In this thread of (XML slack)#general:
https://app.slack.com/client/T011VK9115Z/C011NLXE4DU/thread/C011NLXE4DU-1627497085.455200?cdn_fallback=2
there is this expression:

for-each-pair($aa, $bb, function($x, $y) {$x ne $y}) 
           => index-of(true())

Notice the long and unreadable: function($x, $y) {$x ne $y}

Writing, understanding and maintaining XPath code, would be enhanced if we had a better way of expressing the use of an operator as a function.
In Haskell one simply writes:

(/)  4, 2
half   = (/2)
(-) 4, 2
negate = (0-)
ne = (/=)

We could accept a similar convention, so the original expression above is written simply as:

for-each-pair($aa, $bb, (ne)) 
           => index-of(true())

Or we could use something less overloaded than parenthesis, for example:

`ne`

Then the original expression looks like this:

for-each-pair($aa, $bb, `ne`) 
           => index-of(true())

Regardless which lexical representation is chosen, being able to represent an operator as a function leads to significant code simplification, and improves its readability.

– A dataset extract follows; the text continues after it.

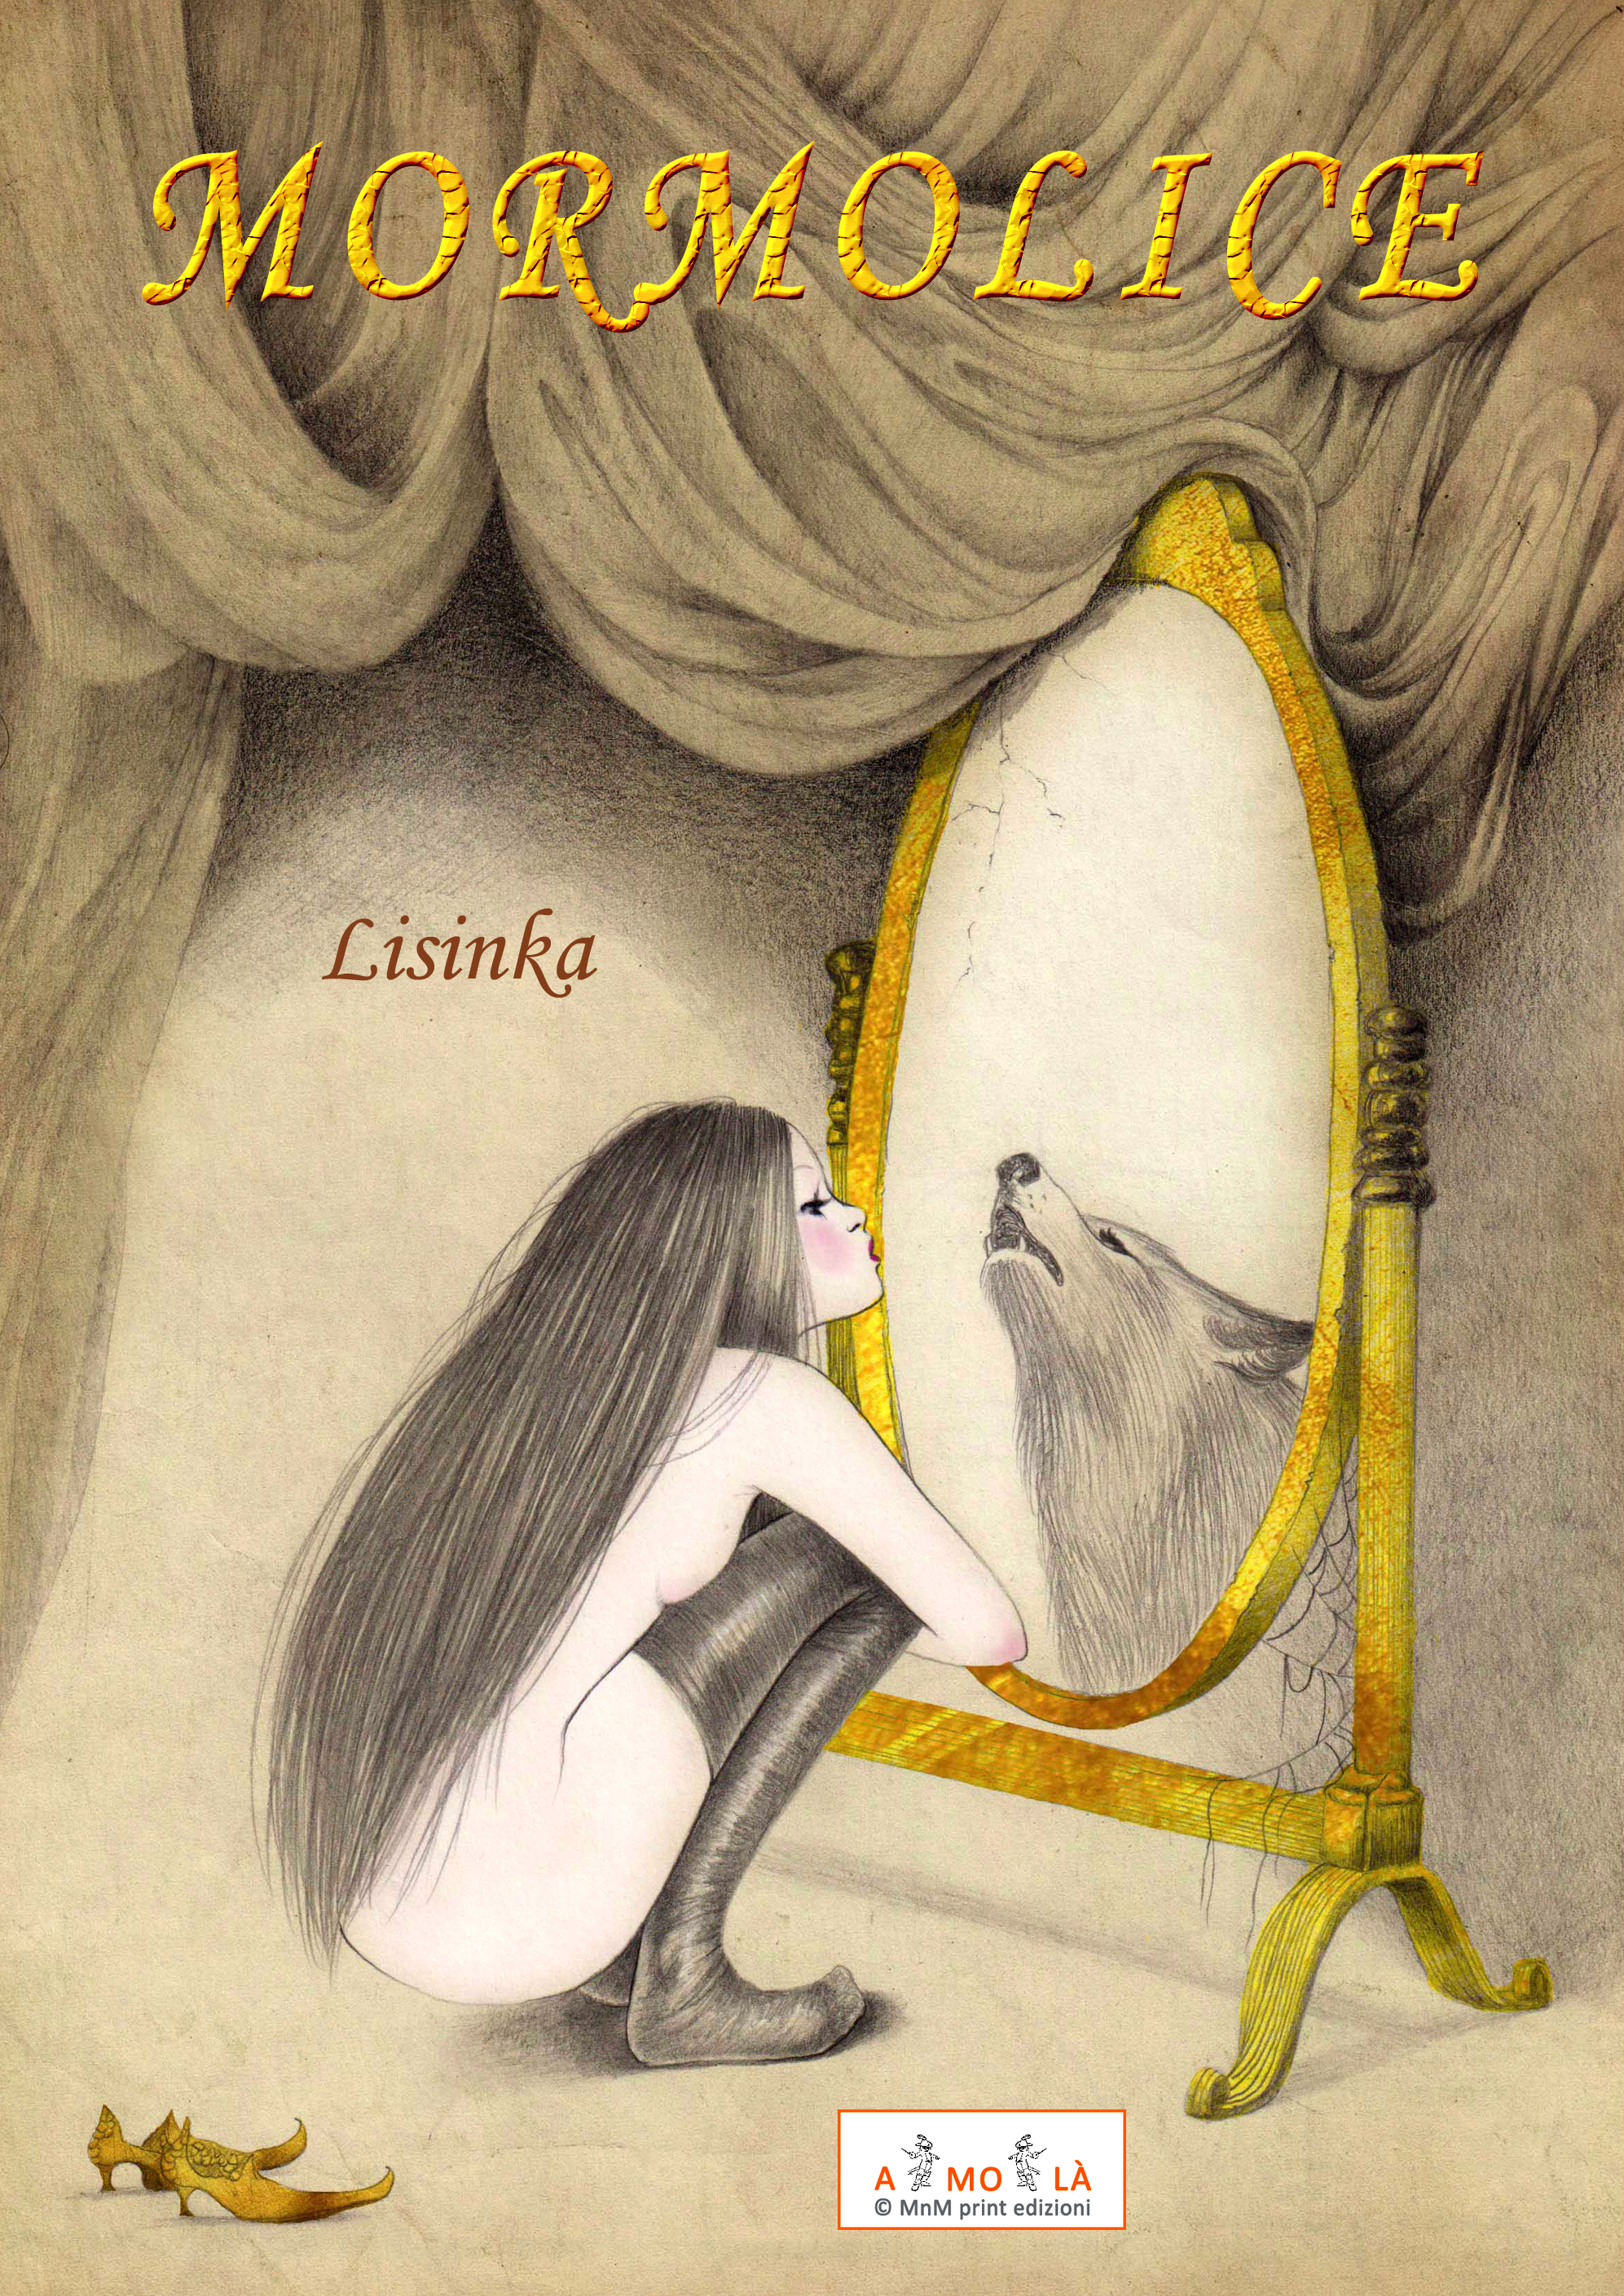 Mormolice – La bestia nel bosco addormentato (Mormolice – The beast into the sleeping wood)

Please, share your thoughts/questions on this proposal.

@ChristianGruen
Copy link
Contributor

How would you like to integrate the operator definitions in the language? Would they be inluded in the query prolog, similar to variable declarations, etc?

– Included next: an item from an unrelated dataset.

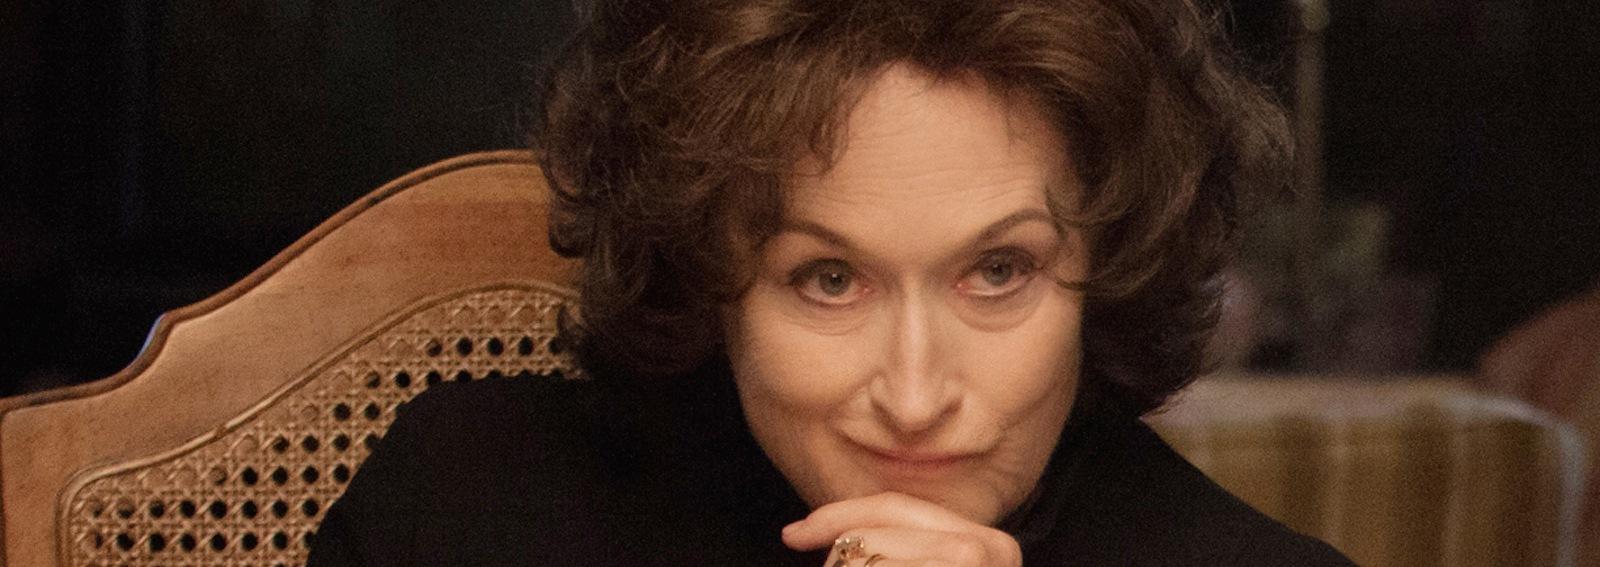 Meryl Streep capelli scuri

Currently, I would do the following:

declare variable $ne := function($x, $y) { $x ne $y };

let $aa := 1 to 10
let $bb := 1 to 10
return for-each-pair($aa, $bb, $ne) => index-of(true())

And as a general note… Maybe we should really finalize all the existing proposals first. There will be people who’ll need to implement all this (…volunteers are welcome).

@michaelhkay
Copy link
Contributor

To avoid the need for new syntax, I'm inclined to provide this functionality using a function op(), so op("+") returns function($x, $y){ $x + $y}. Allows you to write, for example, for-each-pair($x, $y, op("ne")). Applies only to binary operators, and not to higher order operators such as / and !. (So, + - * div mod idiv eq ne lt le gt ge < > = <= >= != is and or to union intersect except << >>, if I haven't missed any)

@michaelhkay
Copy link
Contributor

It would be easier to specify if we got rid of the operator mapping table and had a one-to-one mapping between operators and functions, with the functions accepting union types in their signature where appropriate. Would using the function conversion rules in place of the custom rules for operators have any adverse effect? Hopefully not, but needs checking. The static type semantics would be a bit weaker (no way to specify declaratively that (duration div double = duration) for example. But I think that's liveable with.

@dnovatchev
Copy link
Contributor Author

dnovatchev commented Jul 30, 2021

@michaelhkay,
One way to avoid the need to discuss the arguments - conversion / restriction complexities when an operator is treated as a function, is by defining

op(⊕)

as a lexical shorthand for:

function($x, $y){ $x ⊕ $y}

Thus, op(⊕) would be expanded as part of the lexical analysis stage and is just like invoking a macro-definition with a particular argument.

In this way, an existing XPath processor (and the XPath language itself) doesn't need to be modified except for adding a little bit of lexical sugar on the surface.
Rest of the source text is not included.